Movie Review: Nobody
What We Liked
What We Didn't Like
While the new film, Nobody, may bring to mind films like John Wick (2014) and Taken (2008), it serves its own hero rather well by delivering only a passing explanation of the “particular set of skills” that the hero ostensibly possesses and instead delivering the action with gleeful abandon.
After thieves break into his seemingly idyllic suburban home, Hutch (Bob Odenkirk) opts not to resort to violence to rid the home of the intruders. This disappoints his teenage son, Blake (Gage Monroe), who views him as a coward.
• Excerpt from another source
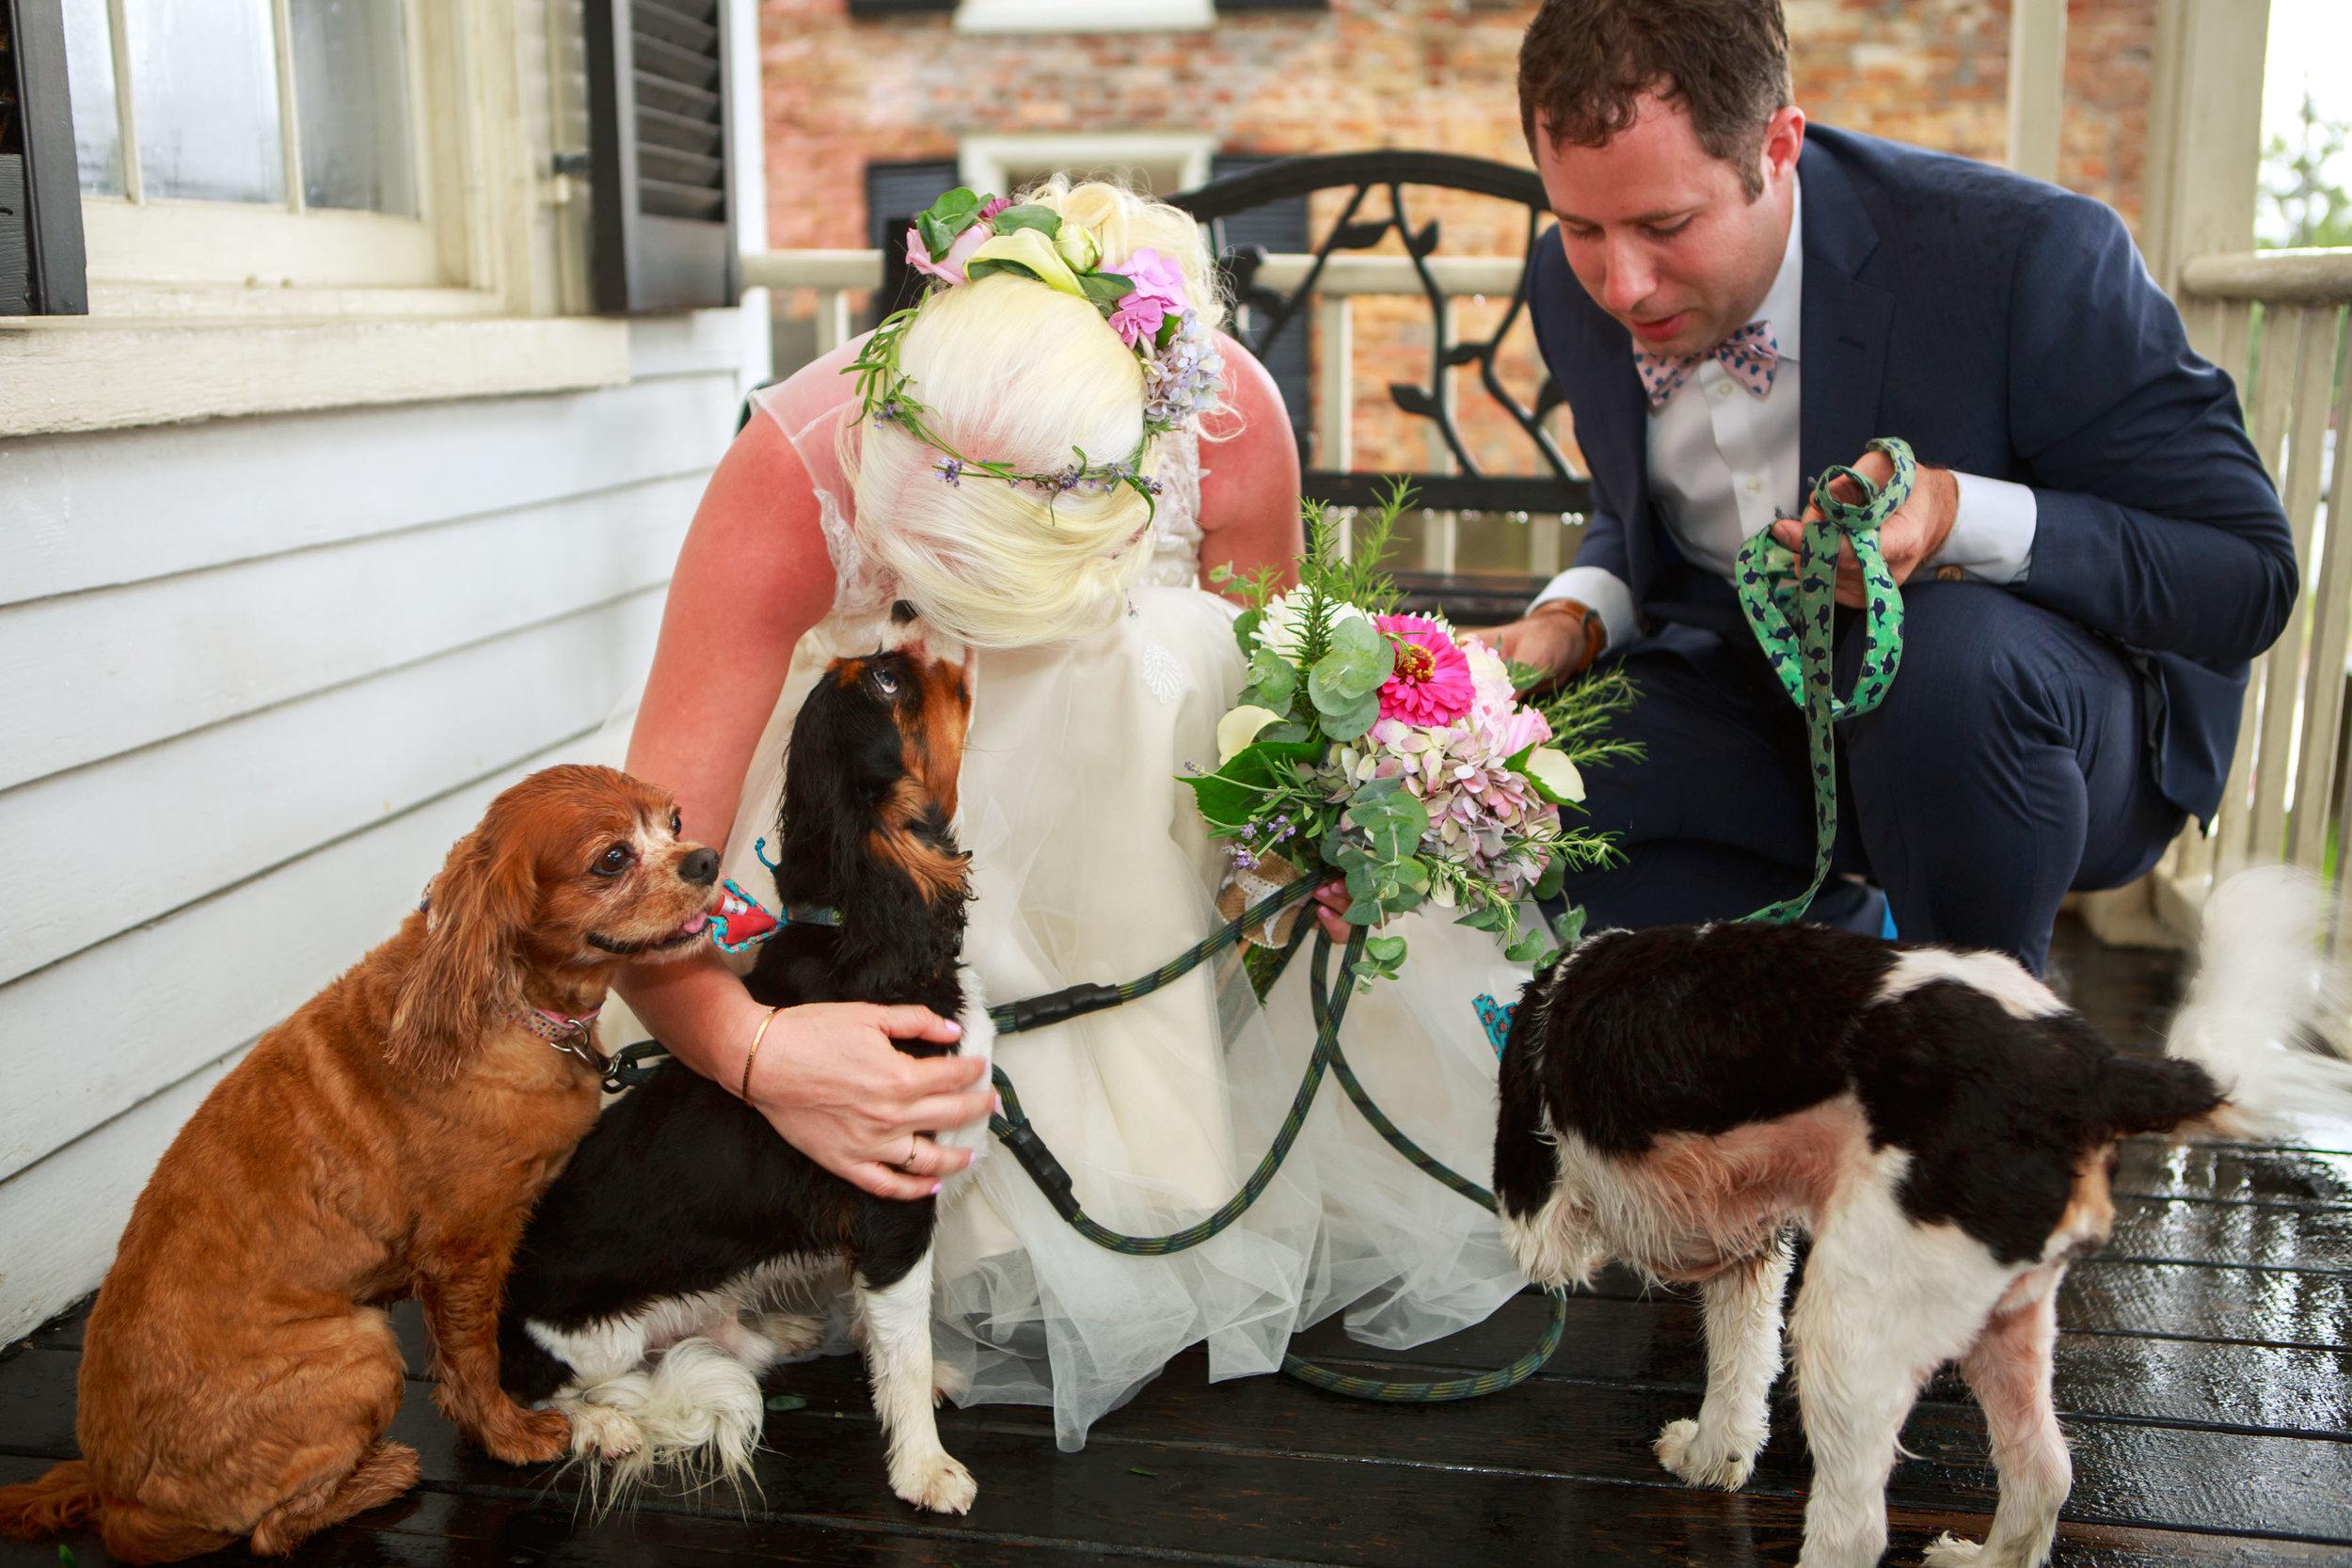 128-South-Wedding-Tiffany-Abruzzo-Photography-First-Look-18.jpg

Afterward, Hutch and his wife, Becca (Connie Nielsen), begin to grow even further apart. Now, simmering with his checked rage, Hutch is again put in another brutal situation when the bus he takes every day to work is commandeered by a group of weapon-brandishing thugs who threaten all aboard. This triggers something within Hutch and the aforementioned skills come into play. Of course, this is not the end of the story as one of the individuals that Hutch has taken down, though not killed, is related to a Russian mobster (played by Aleksey Serebryakov) which leads to an assault on his family that Hutch must prevent.
Director Ilya Naishuller, whose kitschy Hardcore Henry (2015) showcased a wide-array of action tropes crammed into a small first-person perspective package, does an admirable job with the predictable story that he is given by the scribe of the “John Wick” films, Derek Kolstad. But the real winning move that Nobody makes is with the casting of Odenkirk. The Better Call Saul (2015-2022) star is pitch perfect as the everyman killing machine pushed just a little too far. Also along for a share of the fun and carnage is Christopher Lloyd as Hutch’s father, who helps make the third act the film’s tour de force.
While it may hit all of the tropes of the typical action film, especially those of the ilk from which it is derived, Nobody delivers an enthralling tale of survival and solidifies Bob Odenkirk as a respectable action hero the way Die Hard (1988) did for Bruce Willis.